In doing so, I want to take this opportunity to make an earnest appeal to the hon the Minister, in the light of the opposition that has emerged from the widest section of the South African population in respect of this particular legislation, to consider not proceeding with this legislation, and to give all of us who are participating within the system the opportunity to come back and reach real consensus in this particular regard. The impression and perception that is being created is that regardless of what we may have to say, regardless of our opposition, whether we vote against it or not, it is still going to go through in the form in which it is printed, even in the amended form. This is not going to do anybody any good. In fact, it is going to undermine participation politics. This is why I say that the object of our asking that this legislation be dealt with on 1 November 1988, is to afford the hon the Minister and the others the opportunity to come together to try and resolve this—not on the basis that we represent respective constituencies and that we can put in an objection just for the sake of an objection, but rather on the basis that we find common ground in this particular regard.

I do not want to exasperate hon members by going on about the argument which took place yesterday in the joint session with regard to certain undertakings and the question of moralities, etc.

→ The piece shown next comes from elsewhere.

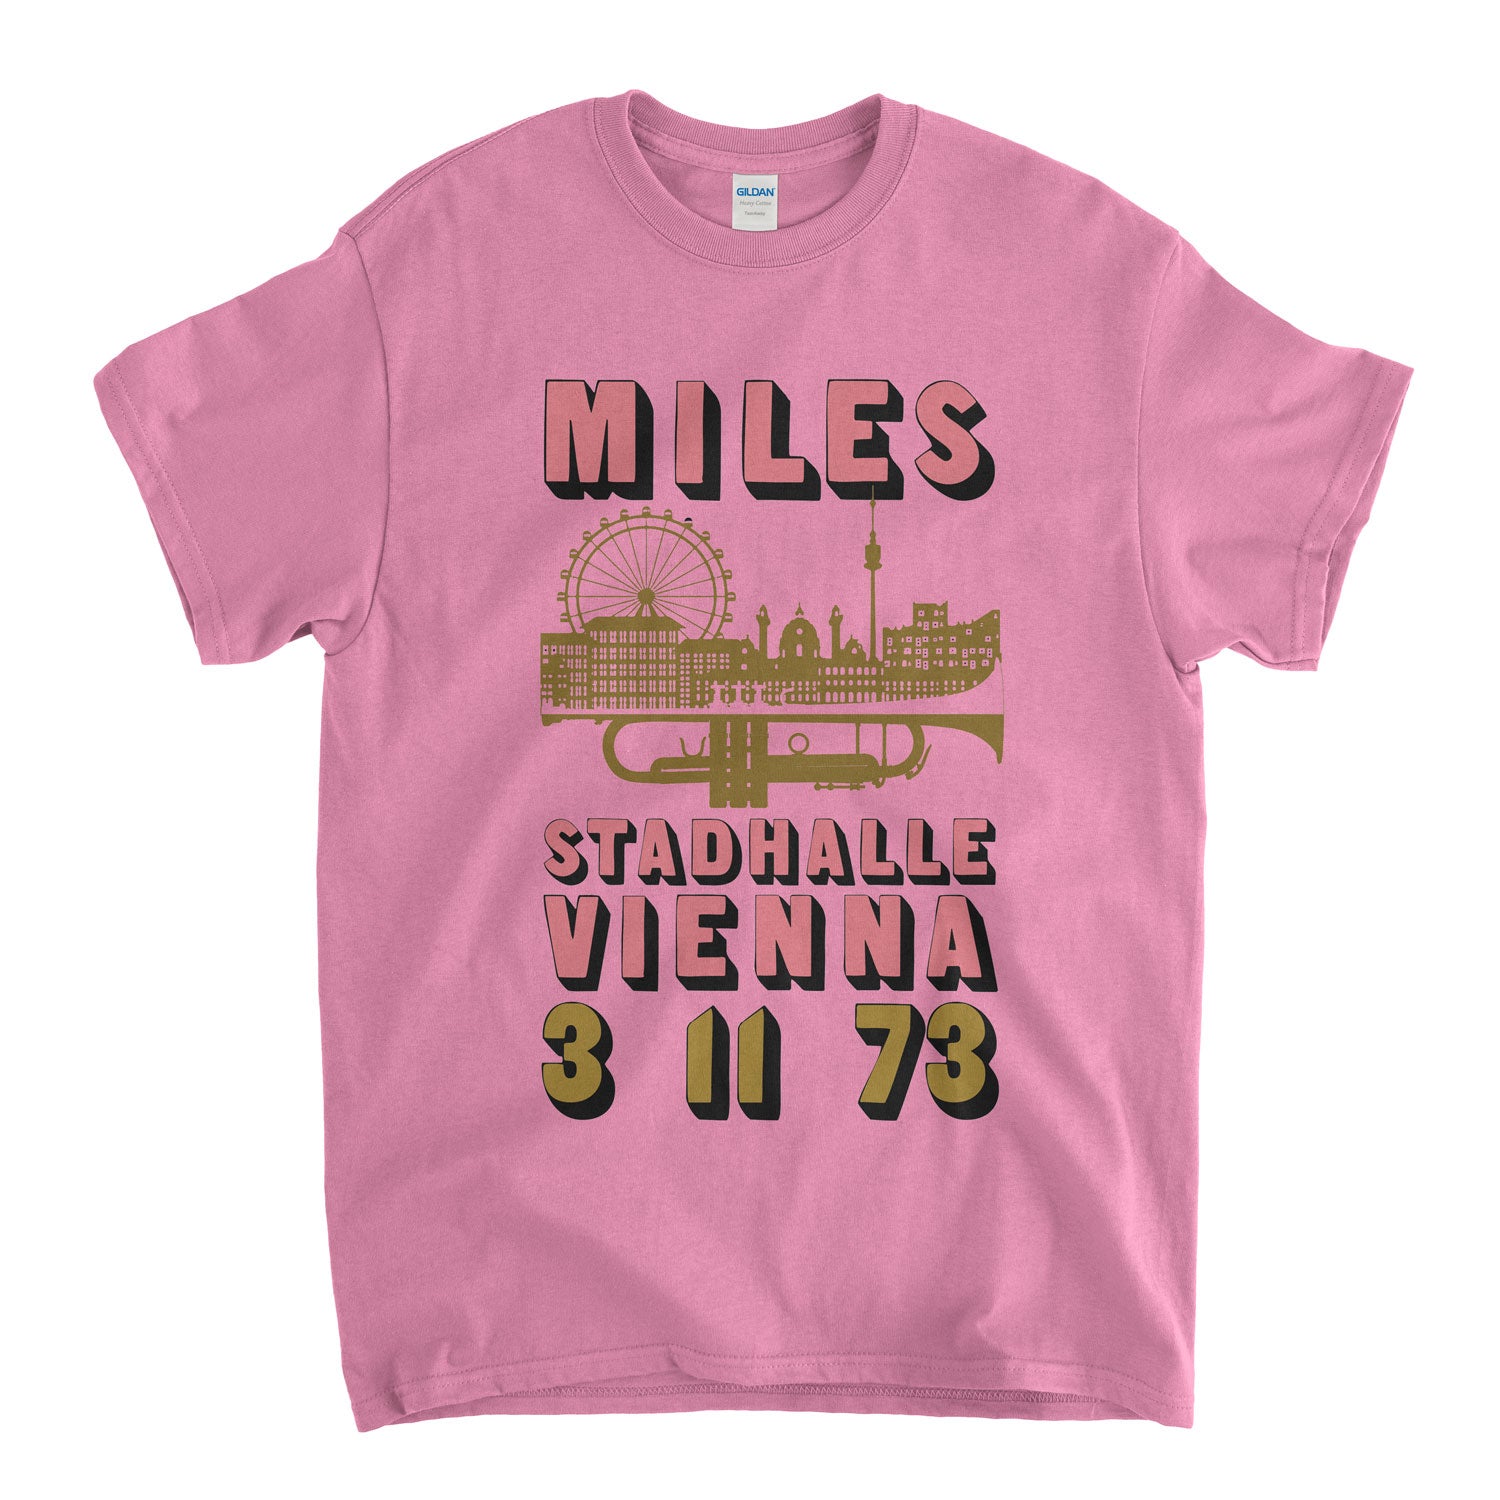 Miles Vienna 73 Poster T shirt Classic Jazz Inspired Design

I find myself in a rather awkward position over here, awkward in the sense that we who constitute the majority in this House, are being asked to play the role of an opposition. This is exactly what the position is. That in itself is an immoral situation! It is immoral in the sense that if we are considered to be the majority in this House, we should be recognised as such, but such recognition is not forthcoming.

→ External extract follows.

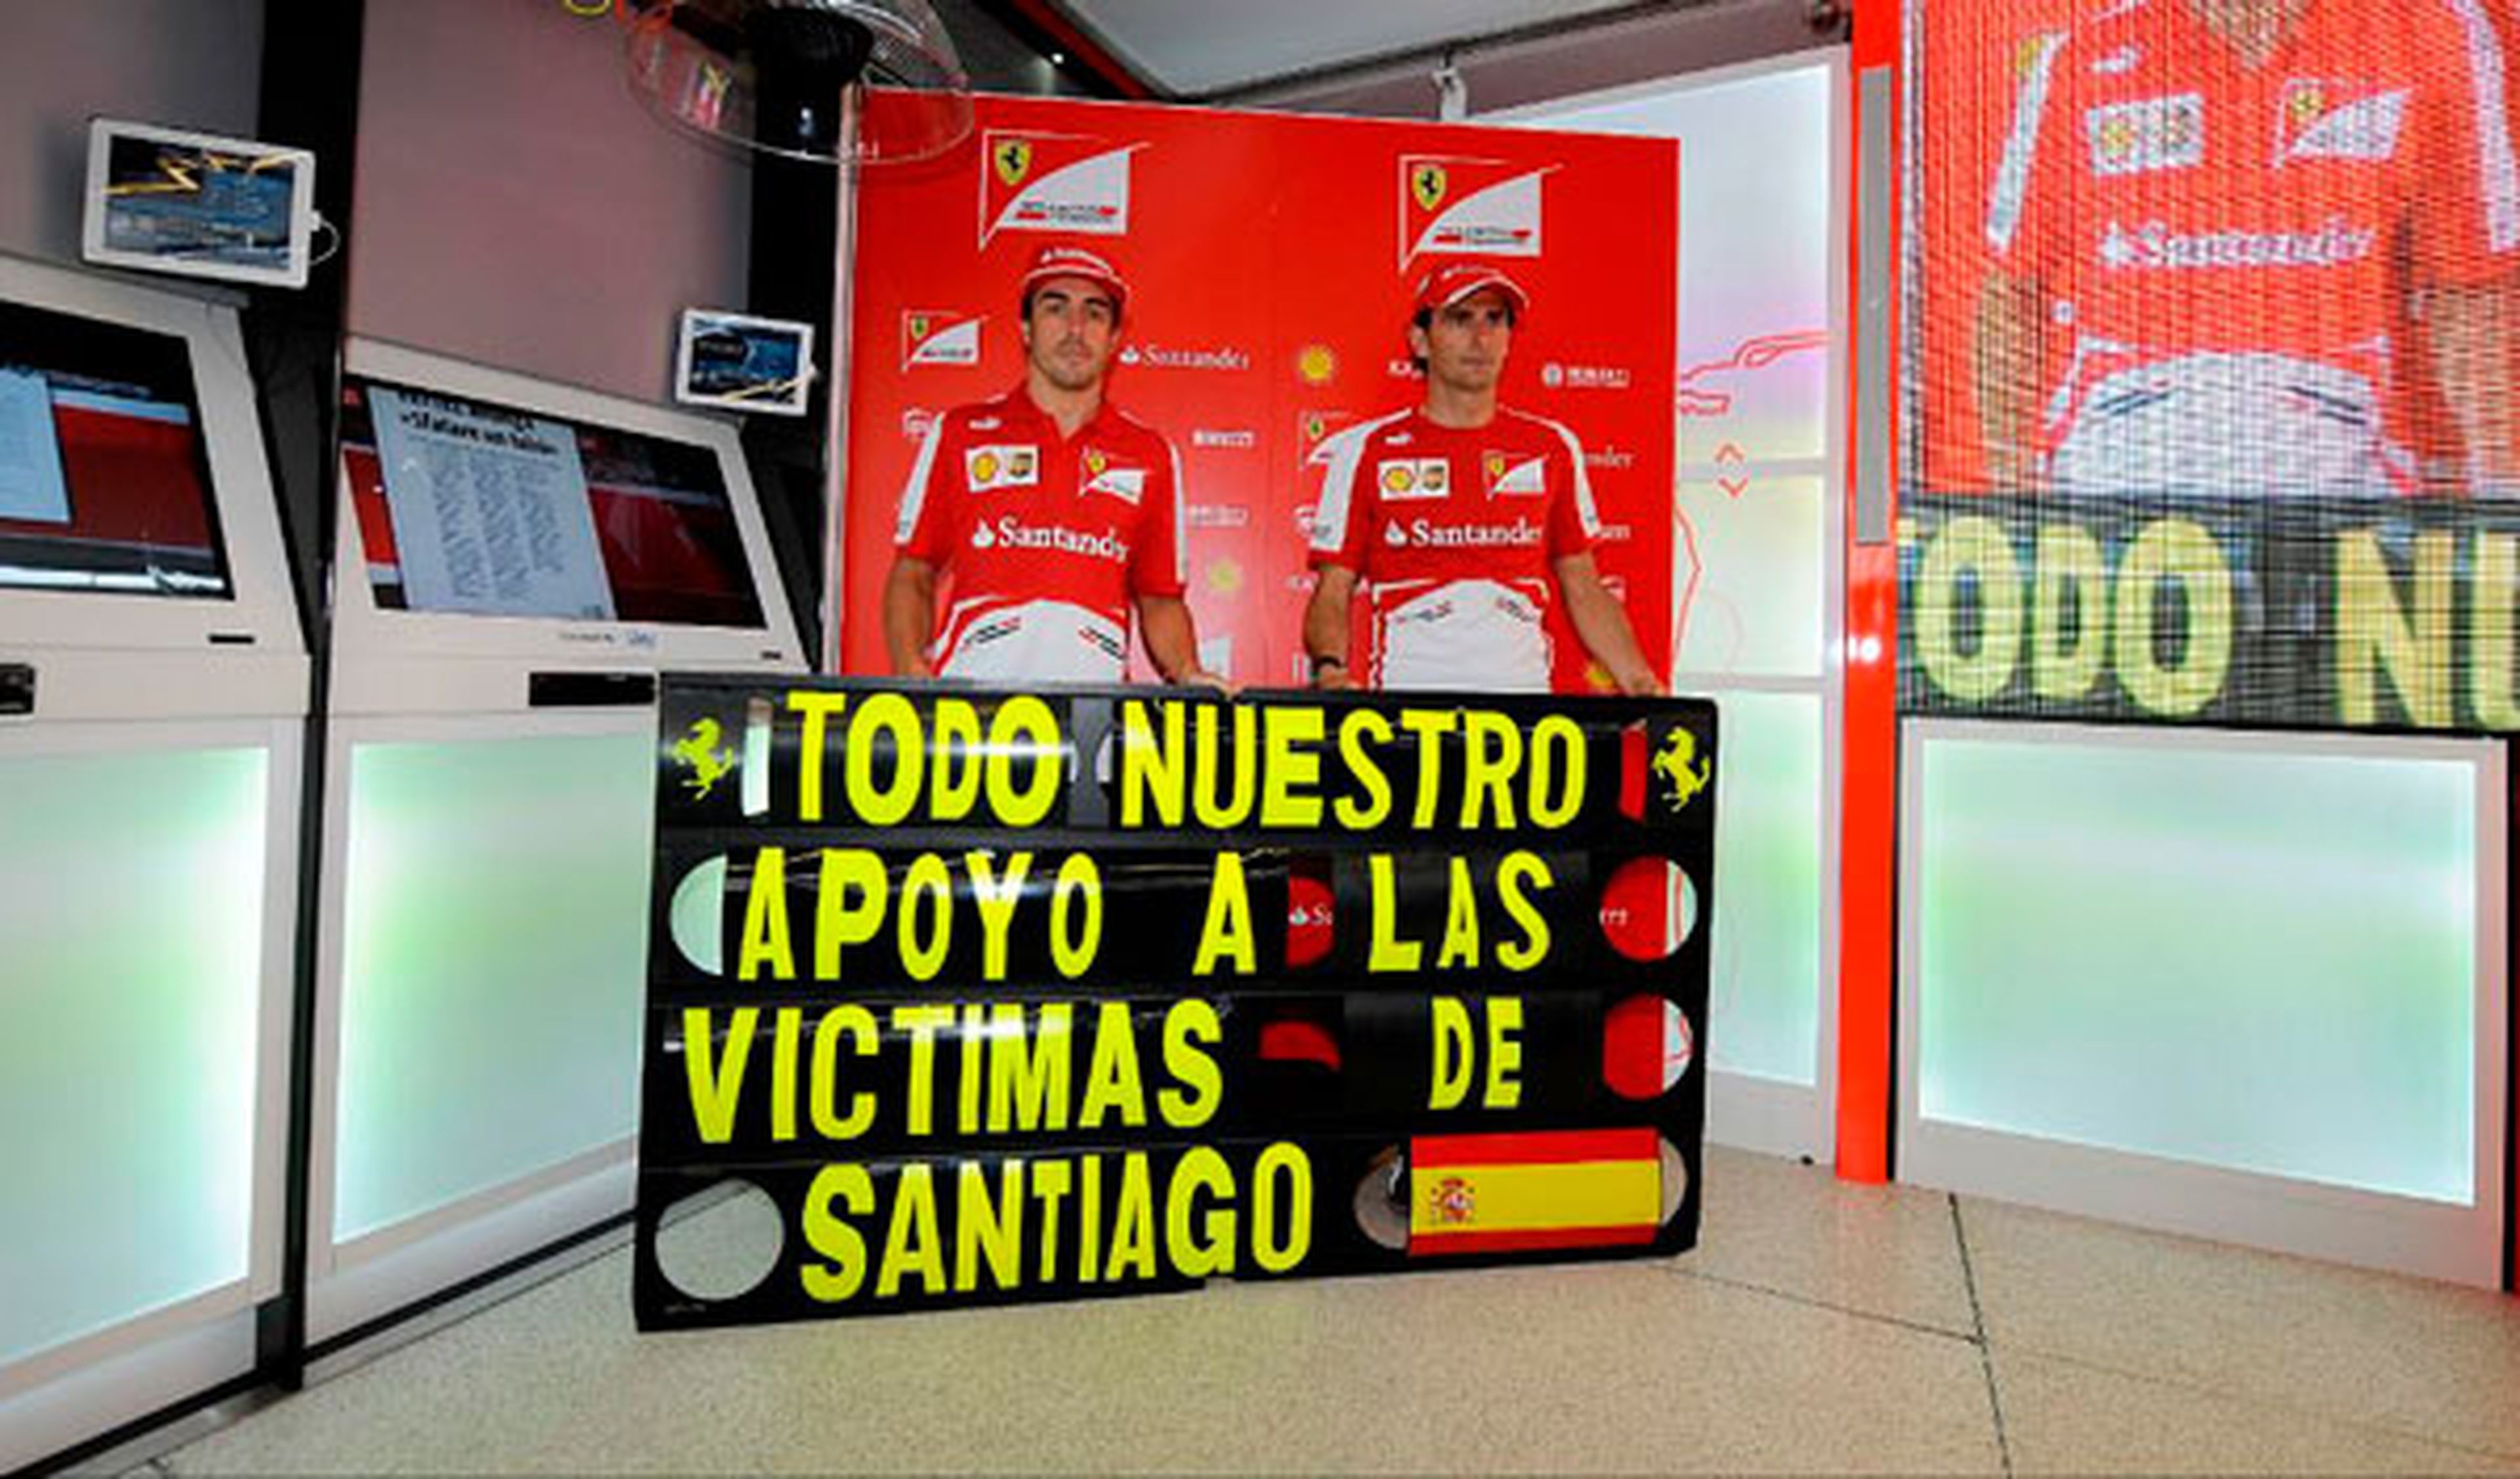 Fernando Alonso - Pedro de la Rosa - Ferrari - Homenaje - Accidente Santiango

I do not want to prolong the impasse that has been reached on this particular issue. I could go on and on about this subject, but much has already been said in this particular regard in the joint debate. However, I wish to make a plea to the hon the Minister: Now that we have proposed a resolution that this matter be discussed and disposed of on 1 November 1988, we again, in all sincerity and in all earnestness, want to afford the hon the Minister an opportunity to reconsider these issues in view of the massive opposition that he has encountered in the Chamber, especially from people of colour who are directly affected by this.

I would like to suggest that the hon the Minister take this seriously. It is not intended to create any confrontation, as some people would like to believe. On the contrary, it is intended to make people come together and find common ground. With these words, I would like to make an earnest appeal to the hon the Minister to reconsider the issue.

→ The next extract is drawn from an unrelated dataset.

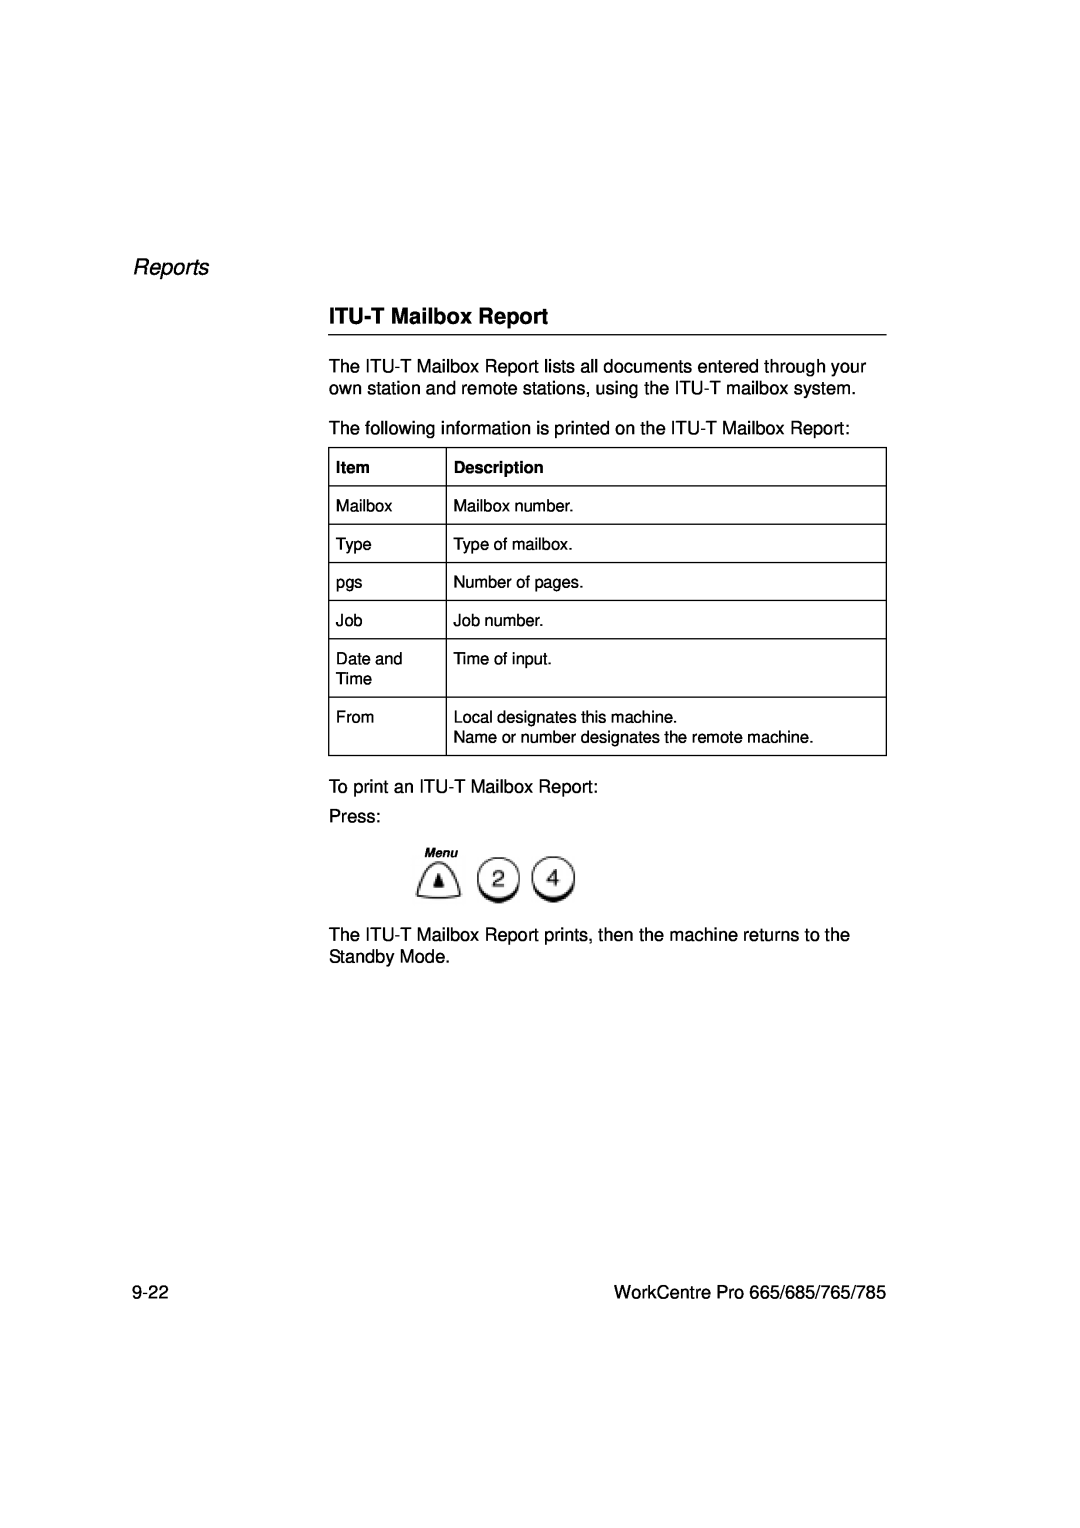 Xerox 765, 665, 685, 785 manual ITU-TMailbox Report, Reports

The MINISTER OF LOCAL GOVERNMENT AND AGRICULTURE:

Mr Chairman, in the first place, we have followed the sequence of events with regard to the introduction of these pieces of legislation, and it is understandable that these pieces of legislation are acknowledged far and wide as being objectionable and unacceptable. They do not fit in within the ambit of the present day, age and era. Therefore, on the basis of negotiation, we must be able collectively to find the solution. This solution can only be found within the framework of the legislature, and through the changing of the hearts and minds of those who are responsible.

Going back—and I say this with all due respect— to the events, it has been recorded that there had been a continuing negotiation between the various parties and my colleague, the hon the Minister of Constitutional Development and Planning, in finding a solution to this very sensitive impasse. This particular resolution presented before this House, is equally questionable. Hon members talk about principles, but this resolution was not discussed with this party. Irrespective of party affiliations, courtesy demands that this resolution should have been discussed with us.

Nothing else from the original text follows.